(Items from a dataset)
┄┄┄┄┄┄
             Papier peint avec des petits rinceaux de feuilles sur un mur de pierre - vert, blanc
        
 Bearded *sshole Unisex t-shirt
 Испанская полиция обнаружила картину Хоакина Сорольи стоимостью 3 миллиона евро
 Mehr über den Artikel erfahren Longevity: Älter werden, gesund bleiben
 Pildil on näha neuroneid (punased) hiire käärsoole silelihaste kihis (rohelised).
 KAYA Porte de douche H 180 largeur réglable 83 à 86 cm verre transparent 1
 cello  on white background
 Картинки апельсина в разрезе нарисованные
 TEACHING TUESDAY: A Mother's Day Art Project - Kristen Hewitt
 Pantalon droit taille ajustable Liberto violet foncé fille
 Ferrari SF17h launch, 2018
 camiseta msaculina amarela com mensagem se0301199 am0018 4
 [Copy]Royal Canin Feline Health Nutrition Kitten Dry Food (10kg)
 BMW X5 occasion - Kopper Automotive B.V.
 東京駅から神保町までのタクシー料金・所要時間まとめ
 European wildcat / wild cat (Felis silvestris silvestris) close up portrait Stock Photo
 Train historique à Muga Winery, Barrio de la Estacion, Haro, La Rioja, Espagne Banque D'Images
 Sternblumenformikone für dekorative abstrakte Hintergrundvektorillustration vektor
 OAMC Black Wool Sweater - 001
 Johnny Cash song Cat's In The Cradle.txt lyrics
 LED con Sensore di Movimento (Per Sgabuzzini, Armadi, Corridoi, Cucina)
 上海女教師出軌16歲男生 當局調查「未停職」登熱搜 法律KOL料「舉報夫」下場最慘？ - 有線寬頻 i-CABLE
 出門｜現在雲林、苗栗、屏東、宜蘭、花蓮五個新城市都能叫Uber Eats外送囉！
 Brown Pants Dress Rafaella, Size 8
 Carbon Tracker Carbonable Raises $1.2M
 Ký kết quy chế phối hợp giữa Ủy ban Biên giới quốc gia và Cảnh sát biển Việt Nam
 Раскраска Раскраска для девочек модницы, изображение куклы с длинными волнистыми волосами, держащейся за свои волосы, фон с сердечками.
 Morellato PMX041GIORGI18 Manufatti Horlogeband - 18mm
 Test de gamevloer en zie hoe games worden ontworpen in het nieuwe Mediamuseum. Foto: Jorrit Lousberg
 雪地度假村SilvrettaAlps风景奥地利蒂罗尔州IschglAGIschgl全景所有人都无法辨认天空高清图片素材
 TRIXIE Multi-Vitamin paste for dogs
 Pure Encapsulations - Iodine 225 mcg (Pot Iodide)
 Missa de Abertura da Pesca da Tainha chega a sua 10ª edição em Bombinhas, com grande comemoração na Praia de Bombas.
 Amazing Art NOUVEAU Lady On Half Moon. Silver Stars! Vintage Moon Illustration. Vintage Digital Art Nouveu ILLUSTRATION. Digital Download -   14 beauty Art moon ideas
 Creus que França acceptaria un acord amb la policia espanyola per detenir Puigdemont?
┄┄┄┄┄┄
• What you need to do:
An exact copy of all the records above is needed.

• Output of the exercise:
             Papier peint avec des petits rinceaux de feuilles sur un mur de pierre - vert, blanc
        
 Bearded *sshole Unisex t-shirt
 Испанская полиция обнаружила картину Хоакина Сорольи стоимостью 3 миллиона евро
 Mehr über den Artikel erfahren Longevity: Älter werden, gesund bleiben
 Pildil on näha neuroneid (punased) hiire käärsoole silelihaste kihis (rohelised).
 KAYA Porte de douche H 180 largeur réglable 83 à 86 cm verre transparent 1
 cello  on white background
 Картинки апельсина в разрезе нарисованные
 TEACHING TUESDAY: A Mother's Day Art Project - Kristen Hewitt
 Pantalon droit taille ajustable Liberto violet foncé fille
 Ferrari SF17h launch, 2018
 camiseta msaculina amarela com mensagem se0301199 am0018 4
 [Copy]Royal Canin Feline Health Nutrition Kitten Dry Food (10kg)
 BMW X5 occasion - Kopper Automotive B.V.
 東京駅から神保町までのタクシー料金・所要時間まとめ
 European wildcat / wild cat (Felis silvestris silvestris) close up portrait Stock Photo
 Train historique à Muga Winery, Barrio de la Estacion, Haro, La Rioja, Espagne Banque D'Images
 Sternblumenformikone für dekorative abstrakte Hintergrundvektorillustration vektor
 OAMC Black Wool Sweater - 001
 Johnny Cash song Cat's In The Cradle.txt lyrics
 LED con Sensore di Movimento (Per Sgabuzzini, Armadi, Corridoi, Cucina)
 上海女教師出軌16歲男生 當局調查「未停職」登熱搜 法律KOL料「舉報夫」下場最慘？ - 有線寬頻 i-CABLE
 出門｜現在雲林、苗栗、屏東、宜蘭、花蓮五個新城市都能叫Uber Eats外送囉！
 Brown Pants Dress Rafaella, Size 8
 Carbon Tracker Carbonable Raises $1.2M
 Ký kết quy chế phối hợp giữa Ủy ban Biên giới quốc gia và Cảnh sát biển Việt Nam
 Раскраска Раскраска для девочек модницы, изображение куклы с длинными волнистыми волосами, держащейся за свои волосы, фон с сердечками.
 Morellato PMX041GIORGI18 Manufatti Horlogeband - 18mm
 Test de gamevloer en zie hoe games worden ontworpen in het nieuwe Mediamuseum. Foto: Jorrit Lousberg
 雪地度假村SilvrettaAlps风景奥地利蒂罗尔州IschglAGIschgl全景所有人都无法辨认天空高清图片素材
 TRIXIE Multi-Vitamin paste for dogs
 Pure Encapsulations - Iodine 225 mcg (Pot Iodide)
 Missa de Abertura da Pesca da Tainha chega a sua 10ª edição em Bombinhas, com grande comemoração na Praia de Bombas.
 Amazing Art NOUVEAU Lady On Half Moon. Silver Stars! Vintage Moon Illustration. Vintage Digital Art Nouveu ILLUSTRATION. Digital Download -   14 beauty Art moon ideas
 Creus que França acceptaria un acord amb la policia espanyola per detenir Puigdemont?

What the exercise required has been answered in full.